Одним поэтам присуще звуковое восприятие мира, другим - зрительное. Блок слышал, Маяковский видел. Мандельштам жил в различных стихиях. Вспоминая свои детские годы, он писал: «Чайковского об эту пору я полюбил болезненным нервным напряжением, напоминавшим желание Неточки Незвановой у Достоевского услышать скрипичный концерт за красным полымем шелковых занавесок.
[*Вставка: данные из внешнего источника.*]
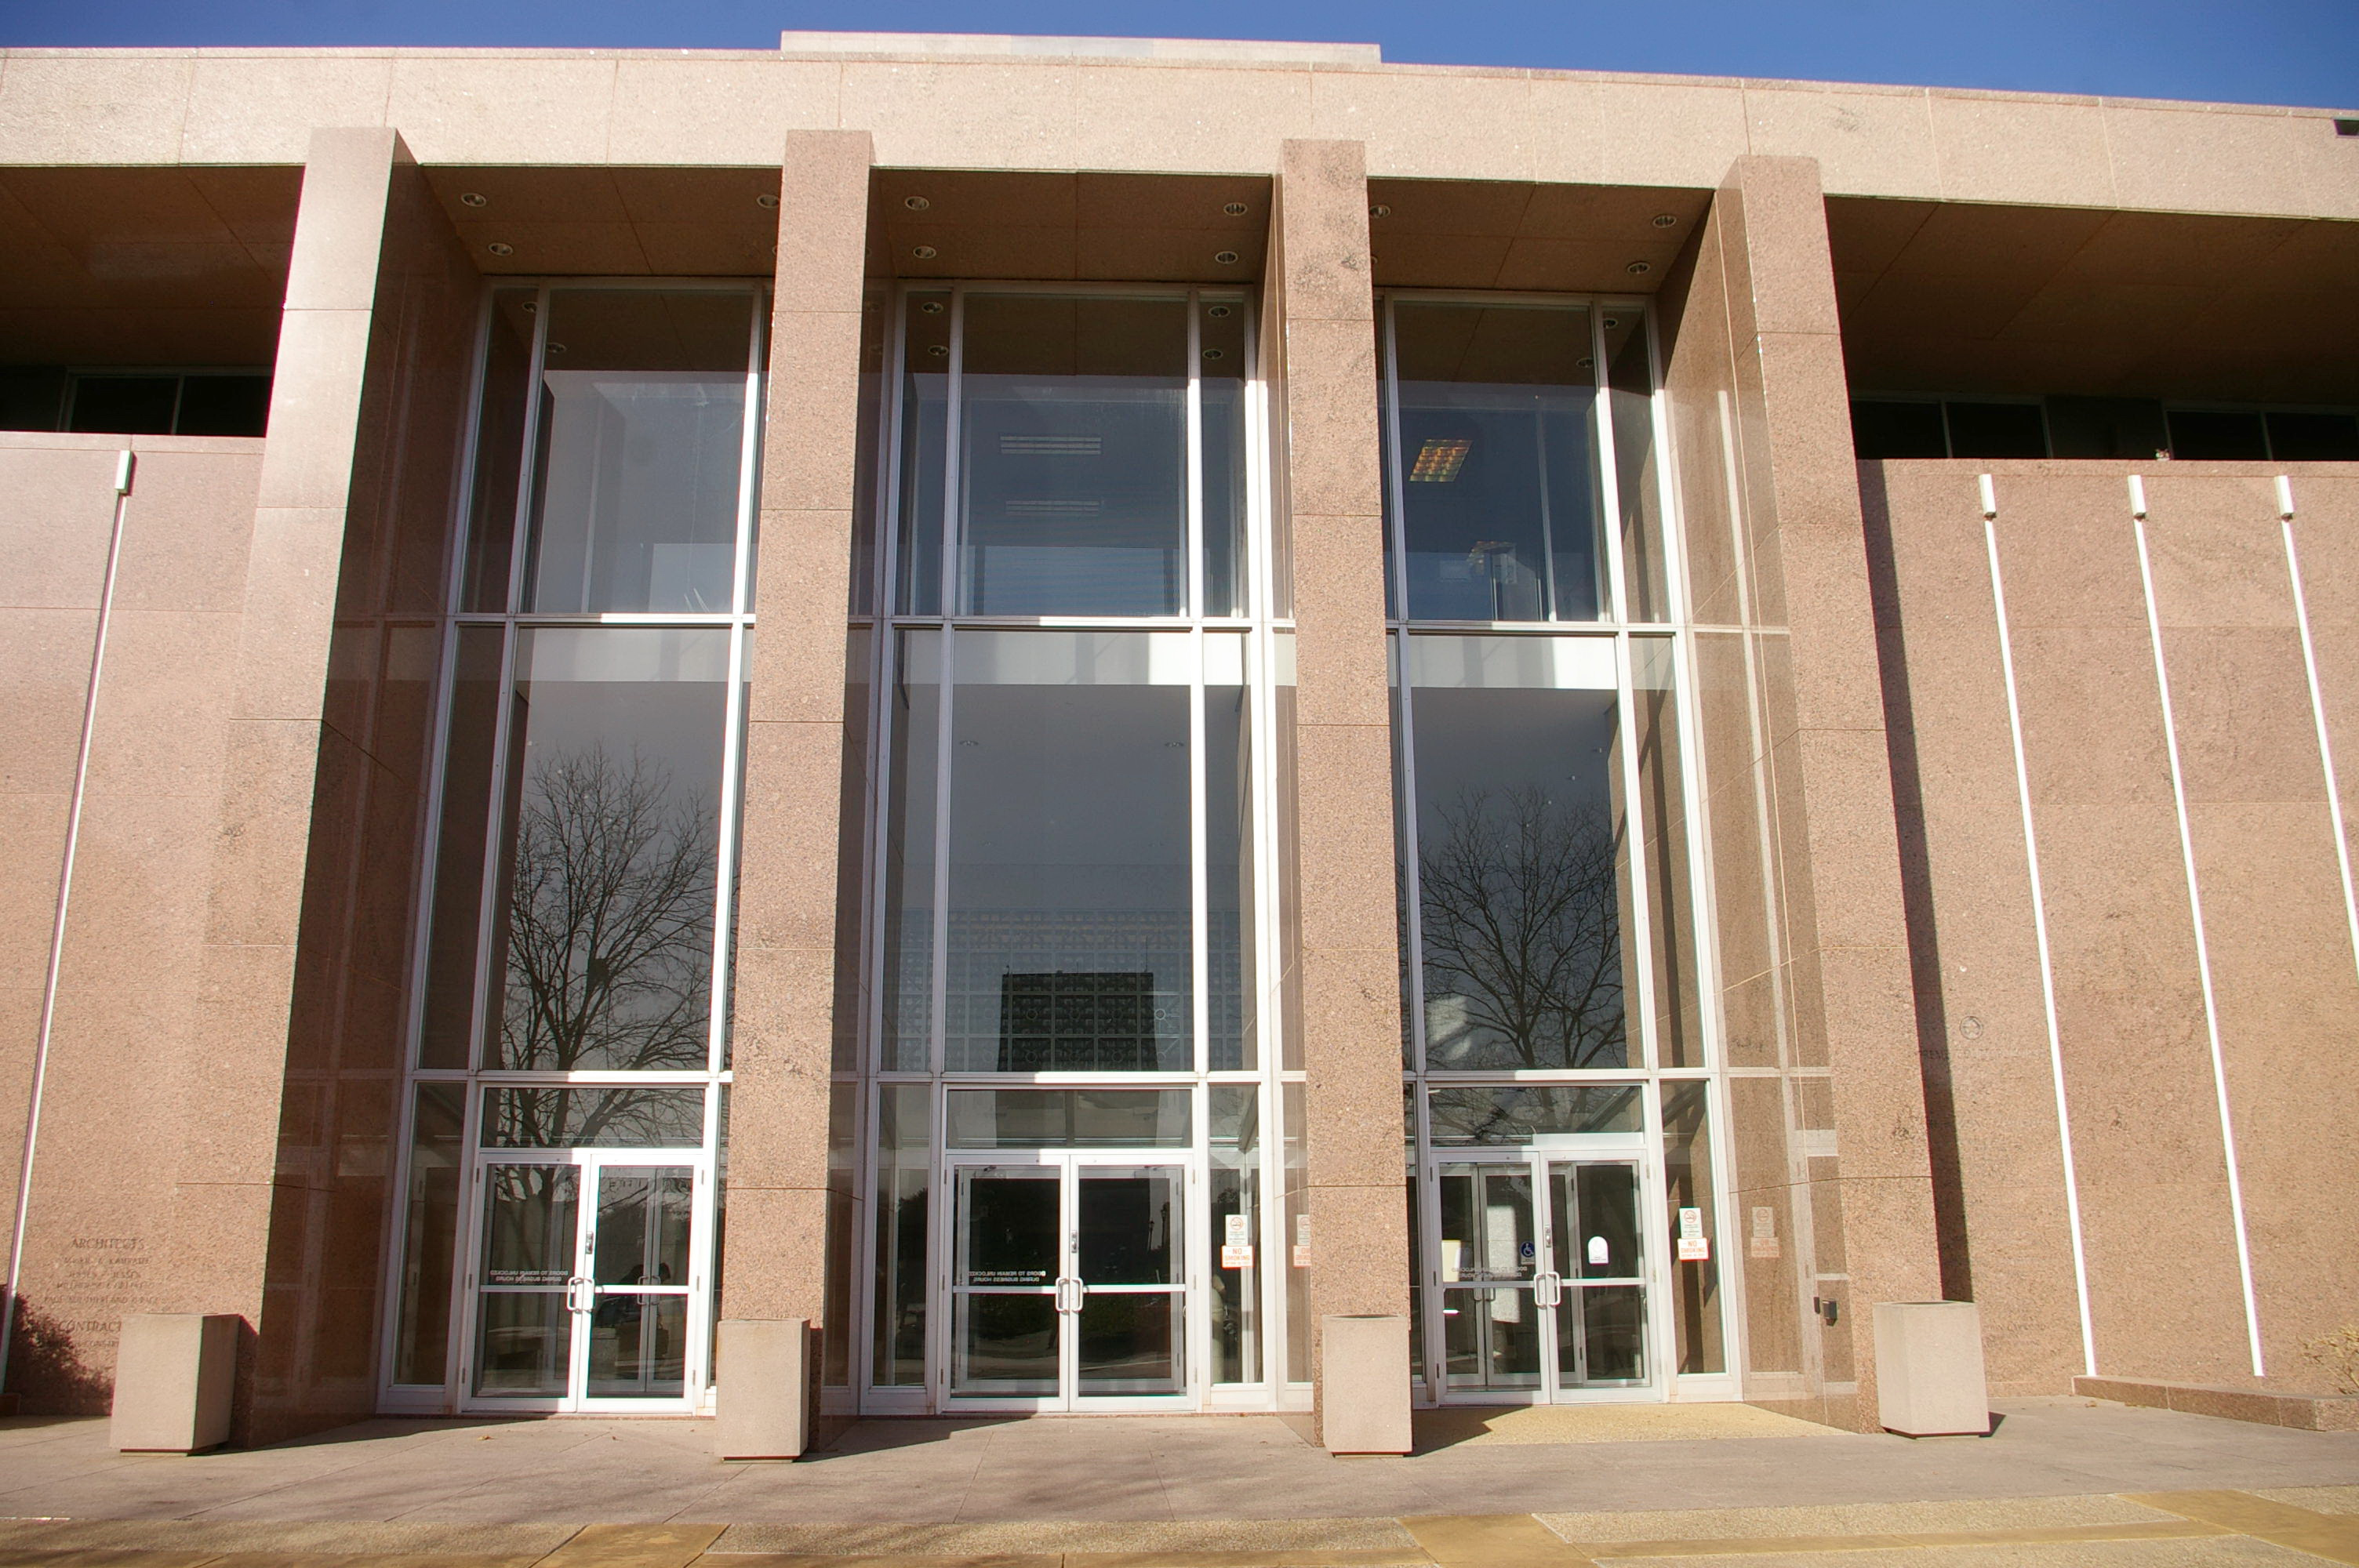 Texas Supreme Court Us Courthouses

Широкие, плавные, чисто скрипичные места Чайковского я ловил из-за колючей изгороди и не раз изорвал свое платье и расцарапал руки, пробираясь бесплатно к раковине оркестра…» О его чувстве живописи можно судить хотя бы по нескольким строфам, посвященным натюрморту (вспоминаешь холсты Кончаловского):
Художник нам изобразил
Глубокий обморок сирени
И красок звучные ступени
На холст, как струпья, положил…
…
Угадывается качель,
Недомалеваны вуали,
И в этом сумрачном развале
Уже хозяйничает шмель.
Мы с ним часто разговаривали о живописи; в двадцатые годы его больше всего привлекали старые венецианцы - Тинторетто, Тициан.
Он хорошо знал французскую, итальянскую, немецкую поэзию; понимал страны, где пробыл недолго.
Я молю, как жалости и милости,
Франции, твоей земли и жимолости.
Правды горлинок твоих и кривды карликовых
Виноградарей в их разгородках марлевых.
В легком декабре твой воздух стриженый
Индевеет денежный, обиженный…
Я много лет прожил во Франции, лучше, точнее этого не скажешь… Размышления о прекрасной «детскости» итальянской фонетики поражали итальянцев, которым я переводил строки из «Разговора о Данте».
Однако самой большой страстью Осипа Эмильевича были русский язык, русская поэзия. «По целому ряду исторических условий живые силы эллинской культуры, уступив Запад латинским влияниям и ненадолго загащиваясь в бездетной Византии, устремились в лоно русской речи, сообщив ей самобытную тайну эллинистического мировоззрения, тайну свободного воплощения, и поэтому русский язык стал именно звучащей и горящей плотью…» Он отвергал символизм, как чуждое русской поэзии явление. «Бальмонт, самый нерусский из поэтов, чужестранный переводчик… иностранное представительство от несуществующей фонетической державы…» Андрей Белый - «болезненное и отрицательное явление в жизни русского языка…».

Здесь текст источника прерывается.